* [Work instruction]: Keep the pictures out while you transcribe the listing below exactly.

* [Source material]:
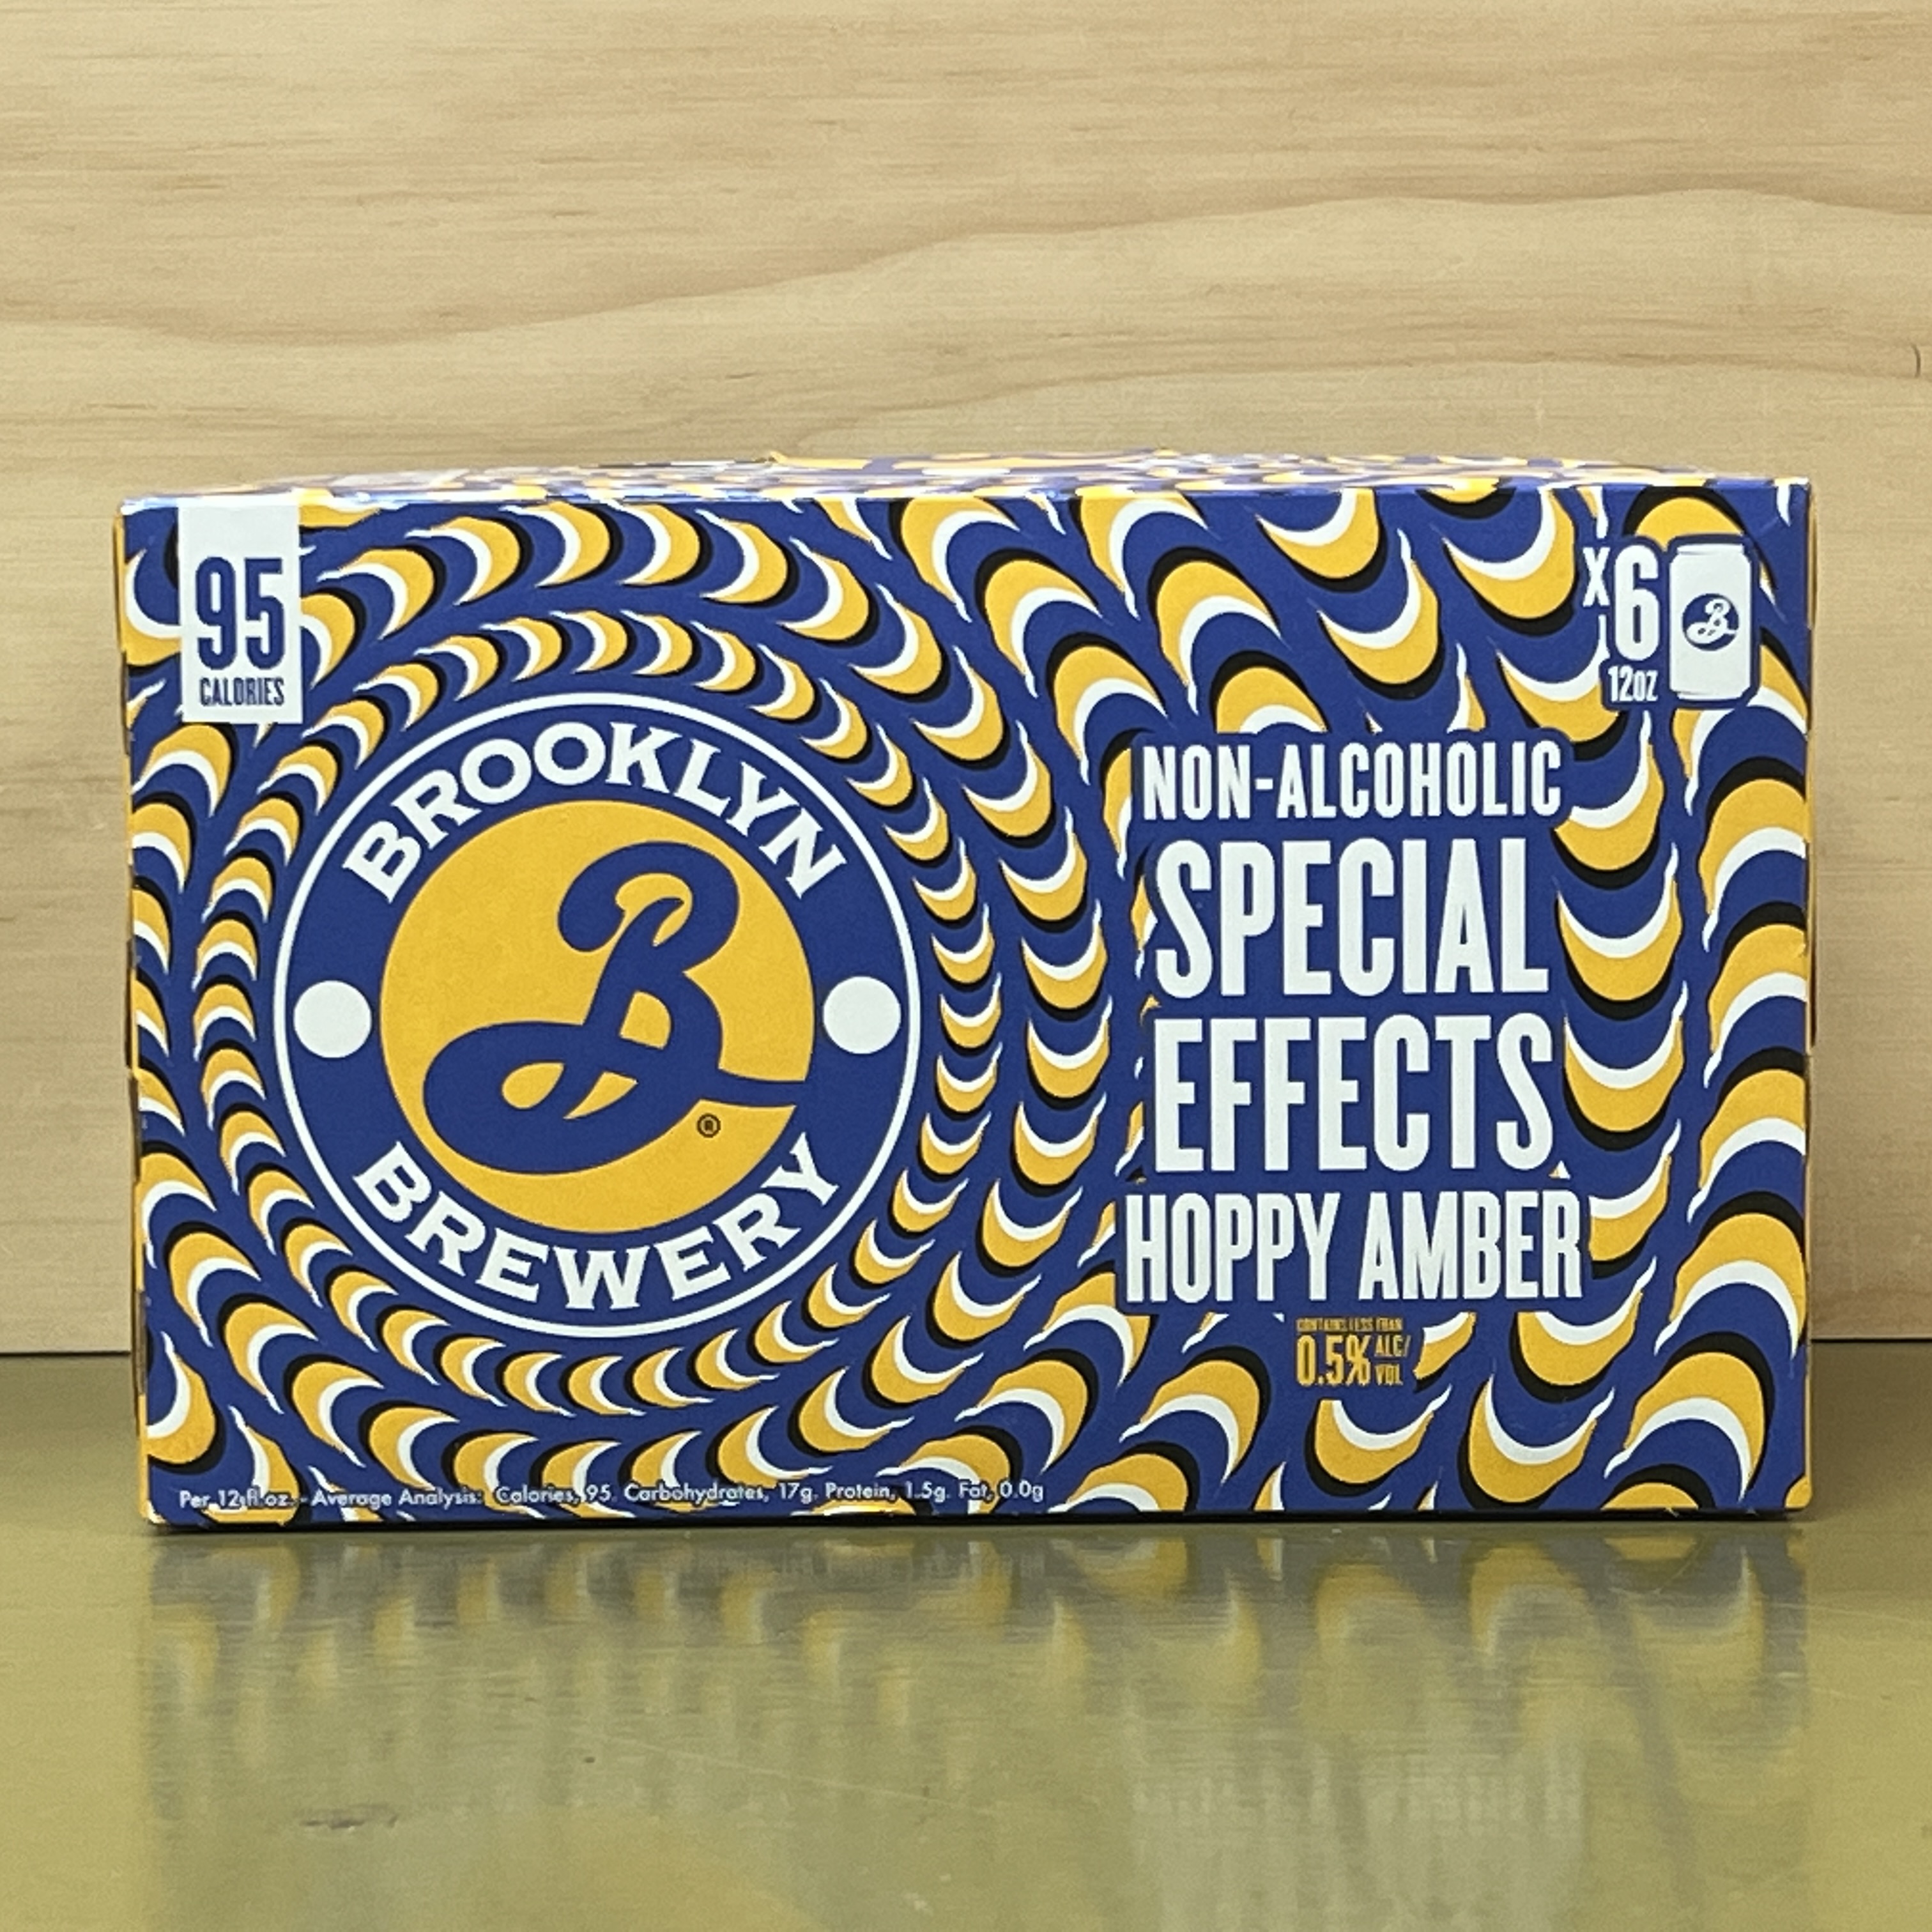 Brooklyn Brewery Special Effects Hoppy Amber 6 x 12oz cans - Click Image to Close
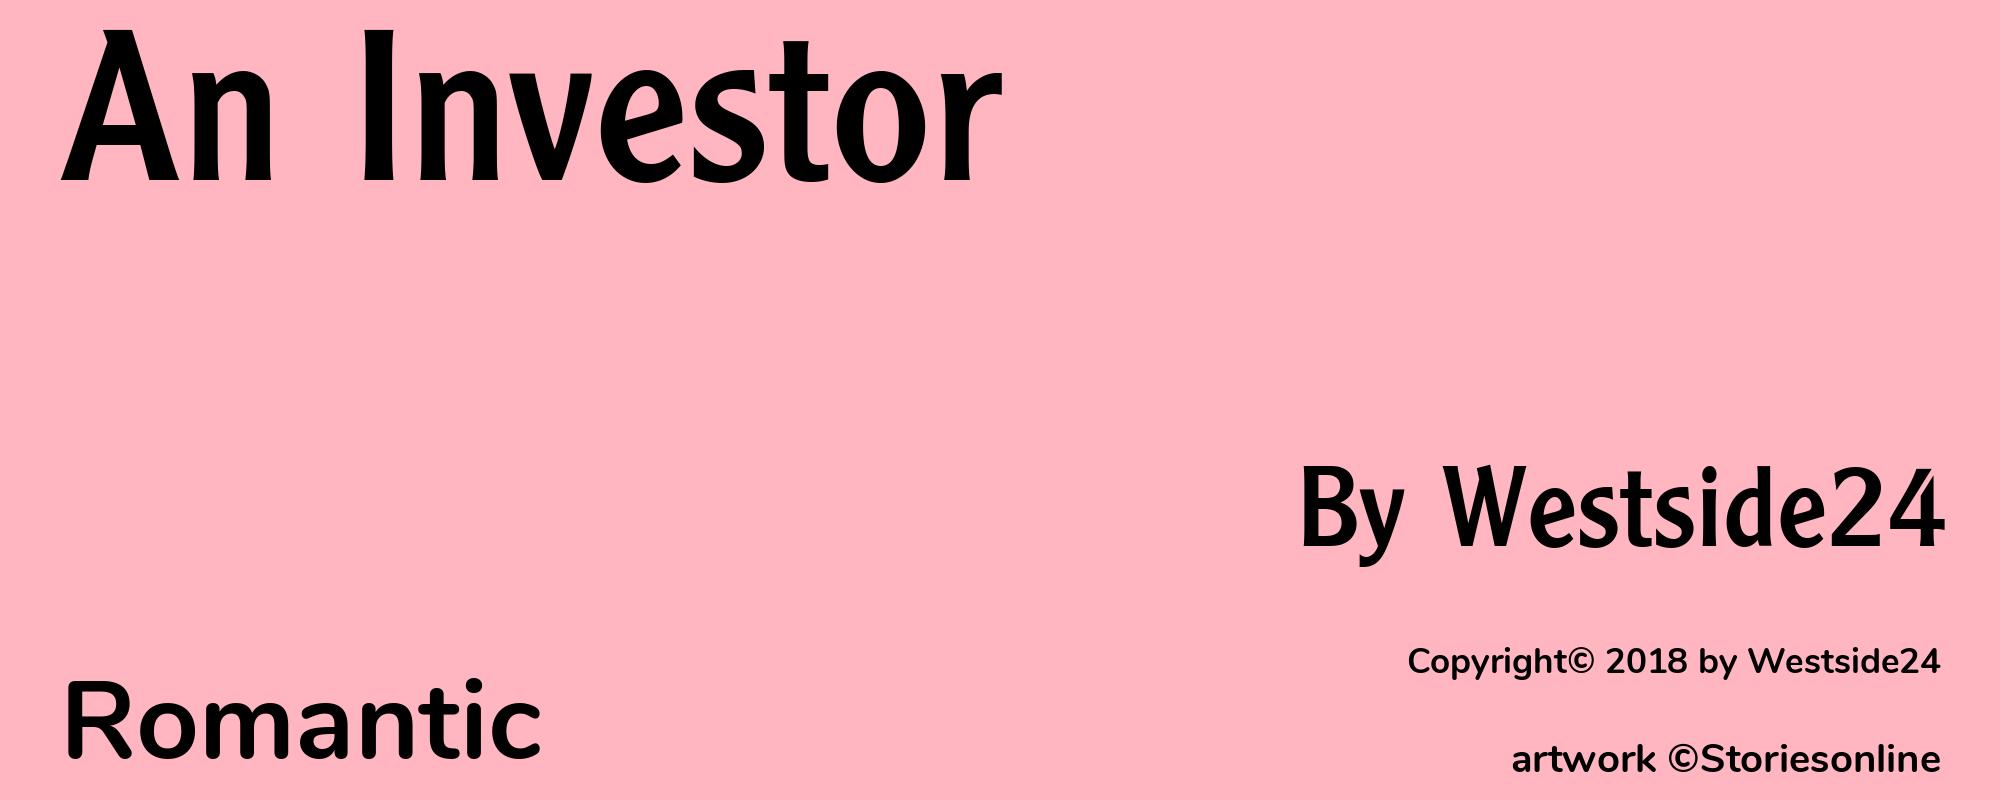 An Investor - Cover
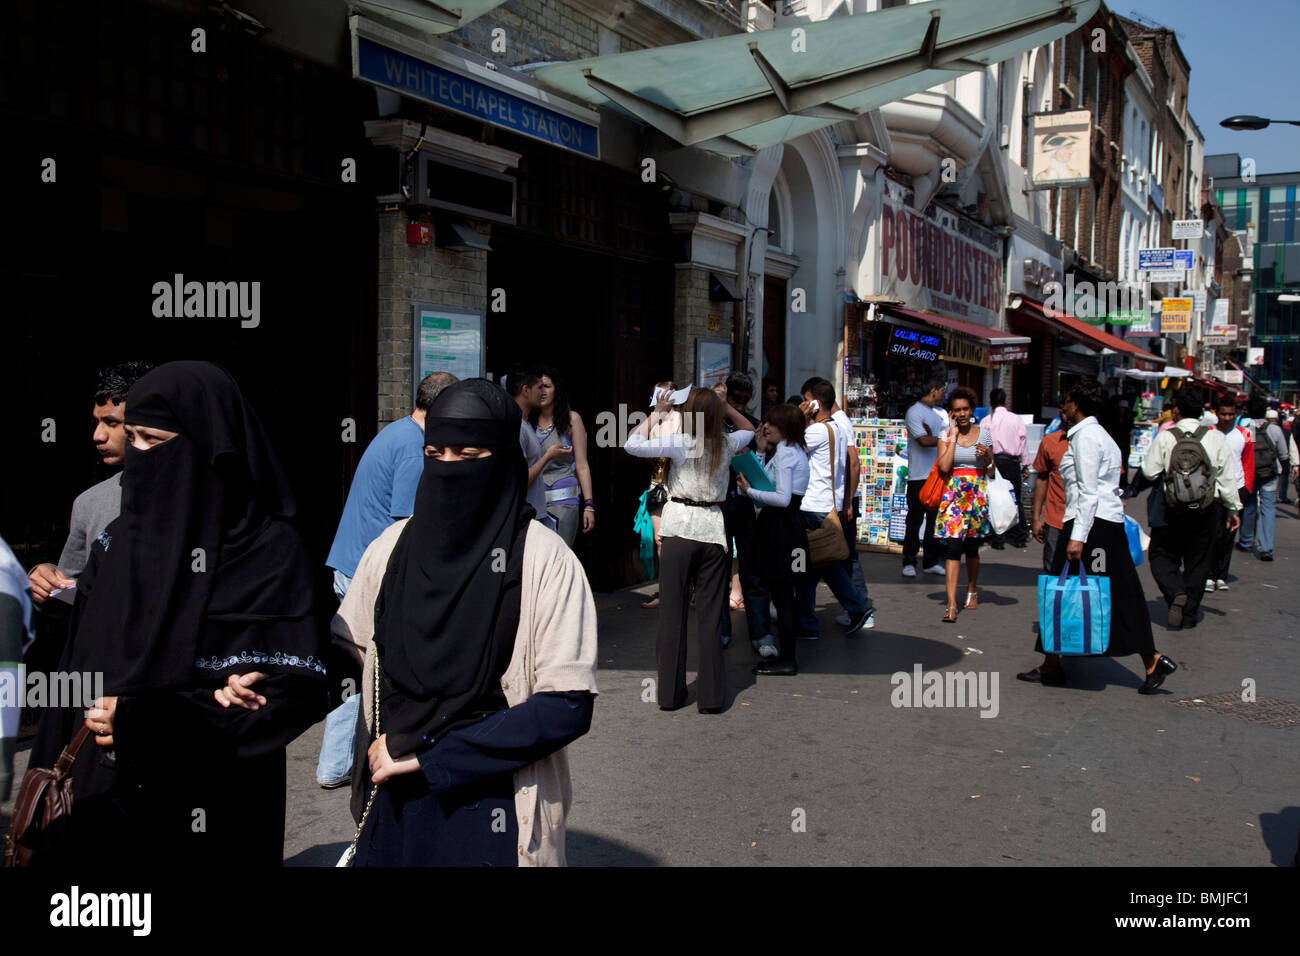 People from various ethnic backgrounds (mainly Muslim) around the market on Whitechapel High Street in East London. Stock Photo

* [Result]:
 Brooklyn Brewery Special Effects Hoppy Amber 6 x 12oz cans - Click Image to Close
 An Investor - Cover
 People from various ethnic backgrounds (mainly Muslim) around the market on Whitechapel High Street in East London. Stock Photo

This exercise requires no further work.